Gerlinde, kunstdocente op de Guido de Brès, gaat vrijwel elke week naar de kringloop. En dat doet ze niet zomaar. „Toen ik met Job trouwde, hadden we niet veel geld. Uit zuinigheid gingen we naar de kringloop. Toen zat er niet echt een overtuiging achter. Nu gaan we vooral omdat we het heel erg leuk vinden en omdat het duurzaam is; het is geen noodzaak meer.”
De levensstijl van het echtpaar gaat echter verder dan de kringloop. Zo leent Gerlinde veel spullen en gaan ze een keer per jaar met een tweedehands tent op vakantie. En dat alles doet de familie Metske zonder auto. Gerlinde: „Die hebben we bewust niet. We lenen hem van Jobs ouders.
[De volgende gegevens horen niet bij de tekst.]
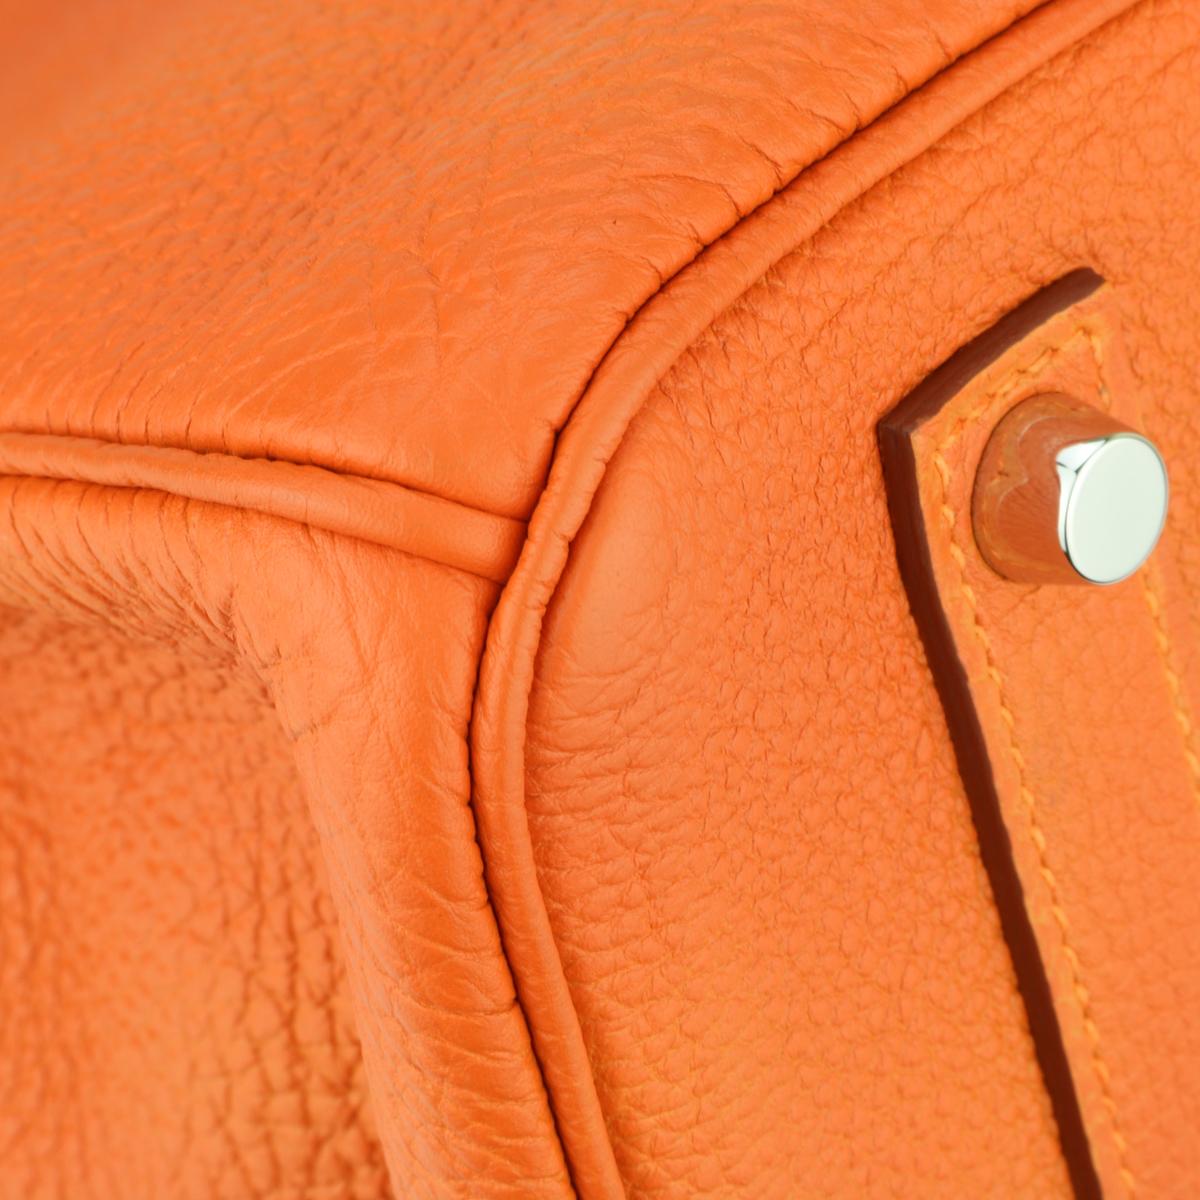 Hermès Birkin Bag 35cm Orange Togo Leather with Palladium Hardware Stamp M 2009 2

Als je spullen kunt lenen, is dat natuurlijk veel duurzamer. Er hoeft dan minder geproduceerd te worden. Neem bijvoorbeeld gereedschap. Ieder huis heeft er wel een schuur vol mee, maar mensen gebruikt veel dingen maar één keer per jaar. Waarom hebben we niet gereedschap voor de hele wijk, dat iedereen kan gebruiken?”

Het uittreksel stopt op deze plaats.